(Beginning of Extracted material)

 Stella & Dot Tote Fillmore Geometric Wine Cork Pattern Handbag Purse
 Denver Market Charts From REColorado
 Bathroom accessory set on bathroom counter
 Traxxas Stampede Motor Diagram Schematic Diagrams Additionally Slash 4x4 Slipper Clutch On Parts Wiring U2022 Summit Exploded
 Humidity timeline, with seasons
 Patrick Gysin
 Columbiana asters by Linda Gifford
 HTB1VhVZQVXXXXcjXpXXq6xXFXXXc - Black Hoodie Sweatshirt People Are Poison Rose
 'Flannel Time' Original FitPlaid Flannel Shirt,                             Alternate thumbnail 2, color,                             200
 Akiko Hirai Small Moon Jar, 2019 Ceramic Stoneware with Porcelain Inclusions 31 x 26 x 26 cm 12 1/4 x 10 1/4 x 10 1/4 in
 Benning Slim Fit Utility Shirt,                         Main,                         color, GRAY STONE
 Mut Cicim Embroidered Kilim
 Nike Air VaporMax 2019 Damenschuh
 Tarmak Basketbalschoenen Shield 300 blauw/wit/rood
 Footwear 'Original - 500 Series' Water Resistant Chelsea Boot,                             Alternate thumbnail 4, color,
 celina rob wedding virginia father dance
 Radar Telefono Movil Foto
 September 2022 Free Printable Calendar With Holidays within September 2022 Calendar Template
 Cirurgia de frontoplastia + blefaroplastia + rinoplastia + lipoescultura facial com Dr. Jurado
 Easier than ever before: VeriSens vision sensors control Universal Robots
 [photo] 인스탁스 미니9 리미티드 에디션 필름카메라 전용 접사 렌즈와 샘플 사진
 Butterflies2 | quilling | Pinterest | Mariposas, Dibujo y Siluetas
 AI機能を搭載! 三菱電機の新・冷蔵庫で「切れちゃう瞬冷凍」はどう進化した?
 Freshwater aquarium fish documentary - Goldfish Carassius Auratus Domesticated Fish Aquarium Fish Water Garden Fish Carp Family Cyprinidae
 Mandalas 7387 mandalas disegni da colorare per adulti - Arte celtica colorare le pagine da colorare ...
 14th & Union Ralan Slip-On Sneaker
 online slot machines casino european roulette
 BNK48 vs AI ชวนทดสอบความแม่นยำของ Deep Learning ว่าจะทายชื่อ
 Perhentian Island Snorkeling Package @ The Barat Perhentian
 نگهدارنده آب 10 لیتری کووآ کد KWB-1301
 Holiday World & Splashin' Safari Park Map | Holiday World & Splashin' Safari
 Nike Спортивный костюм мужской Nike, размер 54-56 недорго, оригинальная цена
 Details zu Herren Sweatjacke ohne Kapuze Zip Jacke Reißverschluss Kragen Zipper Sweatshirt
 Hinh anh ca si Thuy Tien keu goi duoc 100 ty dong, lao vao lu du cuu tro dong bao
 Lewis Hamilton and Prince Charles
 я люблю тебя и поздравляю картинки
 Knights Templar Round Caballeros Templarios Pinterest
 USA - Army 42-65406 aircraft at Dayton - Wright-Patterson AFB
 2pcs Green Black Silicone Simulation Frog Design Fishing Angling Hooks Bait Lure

(End of Extracted material)

- **To do**
Look above and repeat, character for character, the lines from the first one to the line with "HTB1VhVZQVXXXXcjXpXXq6xXFXXXc - Black", counting both.

- **Response area**
 Stella & Dot Tote Fillmore Geometric Wine Cork Pattern Handbag Purse
 Denver Market Charts From REColorado
 Bathroom accessory set on bathroom counter
 Traxxas Stampede Motor Diagram Schematic Diagrams Additionally Slash 4x4 Slipper Clutch On Parts Wiring U2022 Summit Exploded
 Humidity timeline, with seasons
 Patrick Gysin
 Columbiana asters by Linda Gifford
 HTB1VhVZQVXXXXcjXpXXq6xXFXXXc - Black Hoodie Sweatshirt People Are Poison Rose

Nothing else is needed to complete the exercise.